Berdasarkan Statistik Penunjang Pendidikan 2024 yang diterbitkan Badan Pusat Statistik (BPS), rata-rata biaya pendidikan pada jenjang SD sederajat mencapai Rp4,56 juta per tahun ajaran. Angka tersebut meningkat menjadi Rp10,19 juta per tahun ajaran pada jenjang SMA/SMK sederajat.
Data tersebut menunjukkan pendidikan menjadi salah satu kebutuhan jangka panjang yang memerlukan perencanaan keuangan yang matang. Selain meningkat seiring jenjang pendidikan, biaya pendidikan juga berbeda pada setiap kelompok rumah tangga.
Pada kelompok 20 persen rumah tangga dengan pengeluaran tertinggi, rata-rata biaya pendidikan SD sederajat mencapai Rp8,88 juta per tahun ajaran. Sementara pada kelompok 40 persen rumah tangga dengan pengeluaran terendah tercatat sebesar Rp3,28 juta per tahun ajaran.
PT Asuransi Jiwa IFG (IFG Life) menilai perencanaan dana pendidikan perlu menjadi bagian dari pengelolaan keuangan keluarga agar kebutuhan pendidikan anak dapat dipenuhi tanpa mengganggu kebutuhan finansial lainnya.

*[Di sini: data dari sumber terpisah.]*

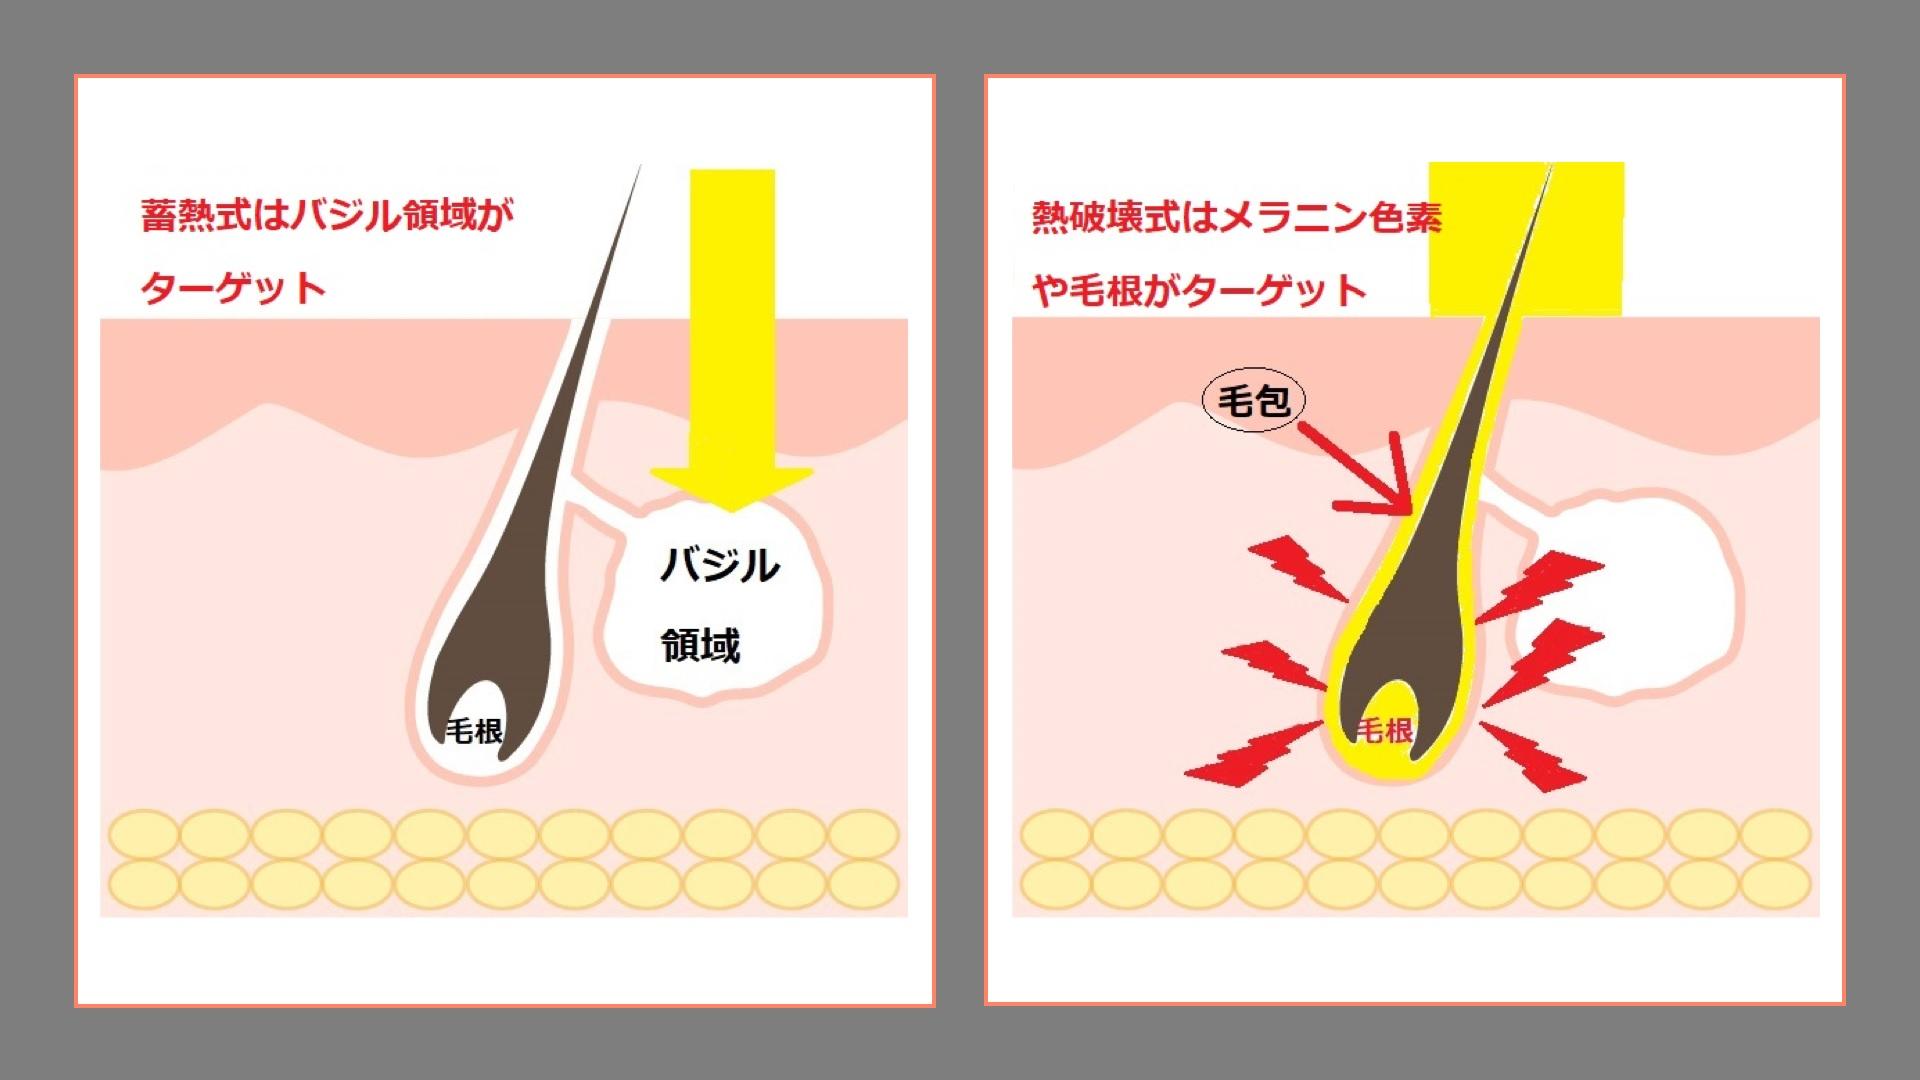 蓄熱式と熱破壊式(比較)
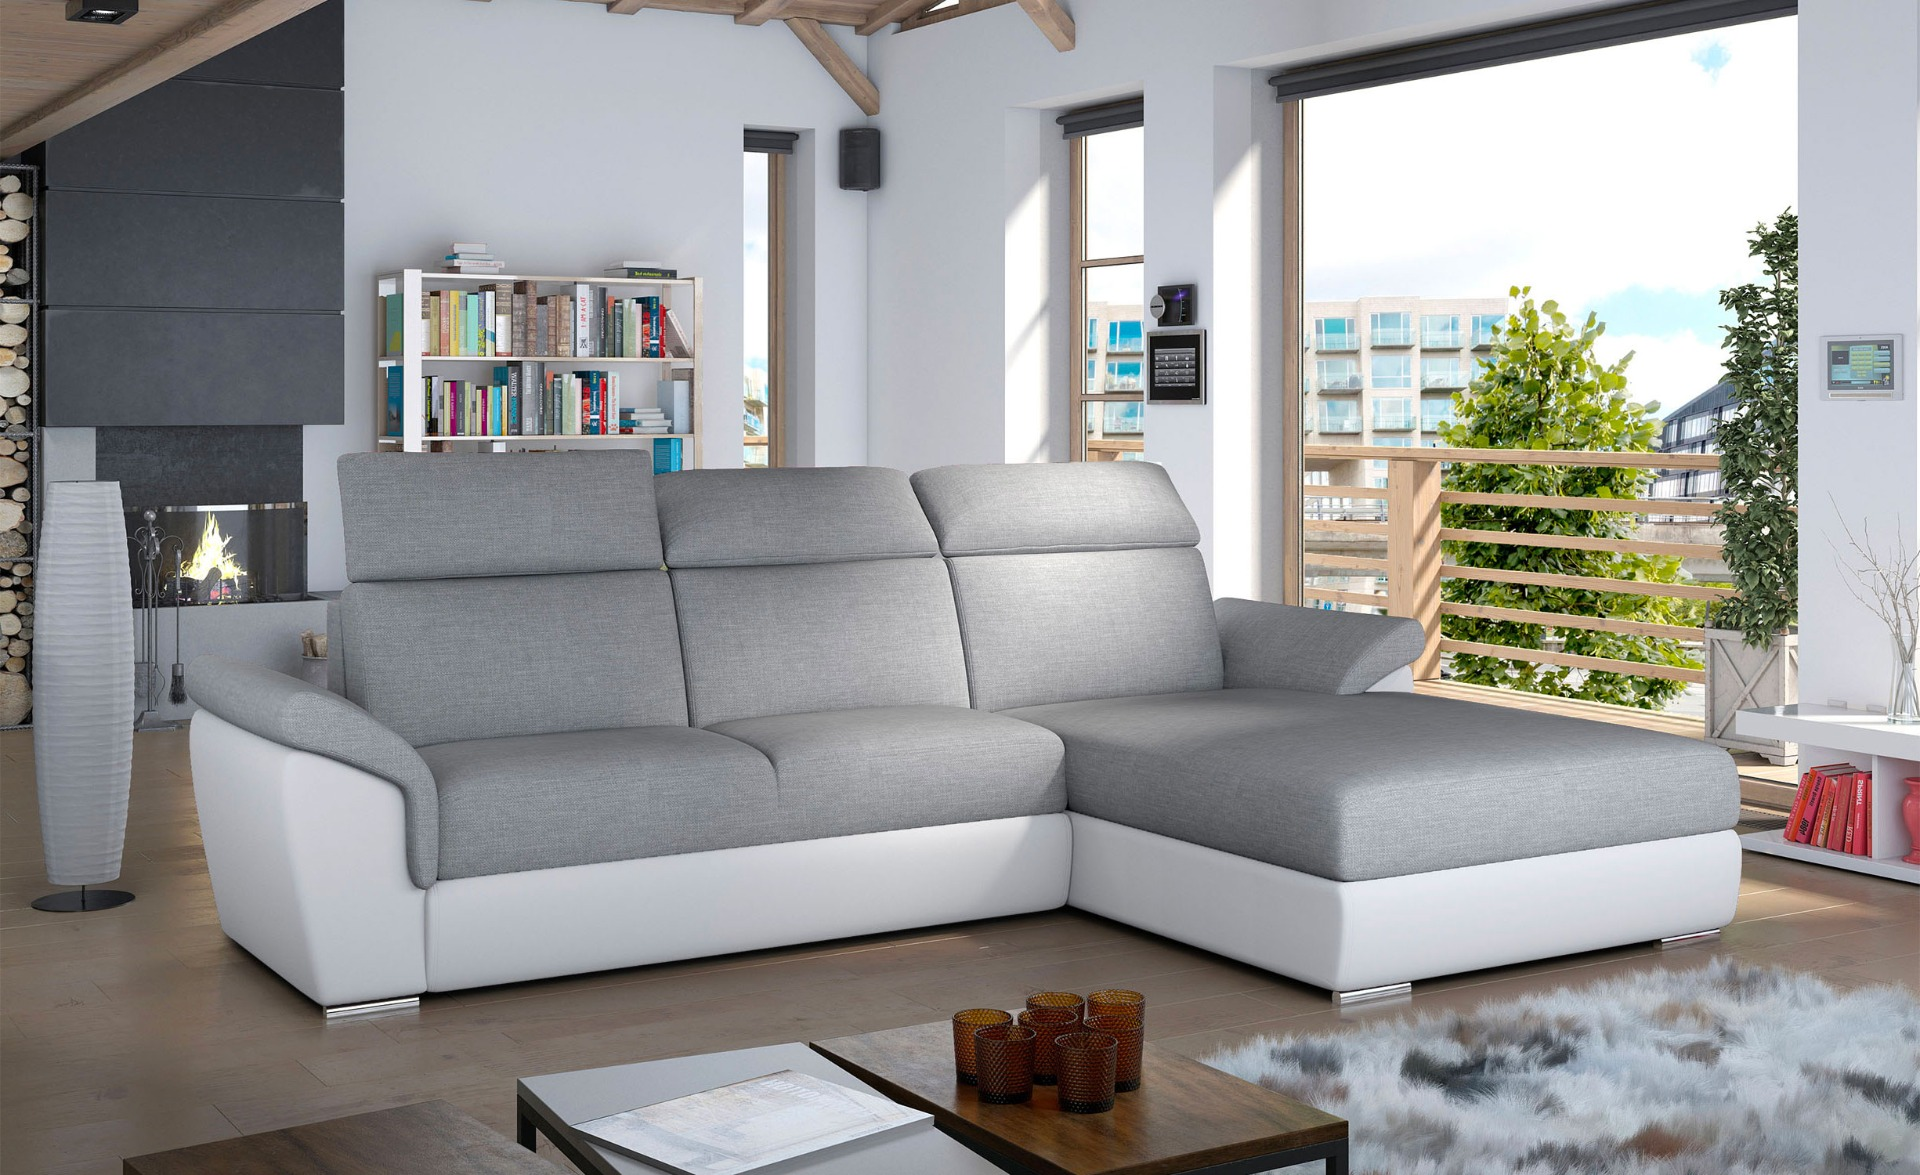 Converteerbare hoekbank Trevisco grijze stof en witte faux

Direktur Bisnis Individu merangkap Plt Direktur Bisnis Korporasi IFG Life Fabiola Noralita mengatakan, perencanaan pendidikan sebaiknya dilakukan jauh sebelum anak memasuki usia sekolah.
"Setiap orang tua tentu ingin memberikan pendidikan terbaik bagi anak-anaknya. Karena itu, perencanaan dana pendidikan sebaiknya tidak menunggu hingga anak memasuki usia sekolah, melainkan dipersiapkan sejak dini sebagai bagian dari perencanaan keuangan keluarga," ujar Fabiola, Rabu (24/6/2026).
Menurut dia, keluarga juga perlu memperhitungkan berbagai risiko yang berpotensi memengaruhi kondisi keuangan rumah tangga sehingga rencana pendidikan anak tetap dapat berjalan sesuai harapan.
Kebutuhan perencanaan pendidikan sejak dini dinilai semakin relevan di tengah bonus demografi Indonesia. Dengan mayoritas penduduk berada pada usia produktif, semakin banyak keluarga yang berada pada fase membangun masa depan dan mempersiapkan berbagai kebutuhan jangka panjang.
Di sisi lain, Survei Nasional Literasi dan Inklusi Keuangan (SNLIK) 2025 menunjukkan tingkat literasi asuransi masyarakat Indonesia baru mencapai 45,45 persen, sedangkan tingkat inklusinya sebesar 28,50 persen. Kondisi tersebut menunjukkan masih terbuka ruang untuk meningkatkan pemahaman masyarakat mengenai instrumen perlindungan keuangan sebagai bagian dari perencanaan masa depan keluarga.
Fabiola mengatakan, pendidikan merupakan salah satu tujuan keuangan yang perlu dipersiapkan dan dijaga keberlangsungannya. Karena itu, perencanaan yang matang dan perlindungan terhadap risiko keuangan menjadi faktor penting untuk menjaga keberlanjutan pendidikan anak di masa depan.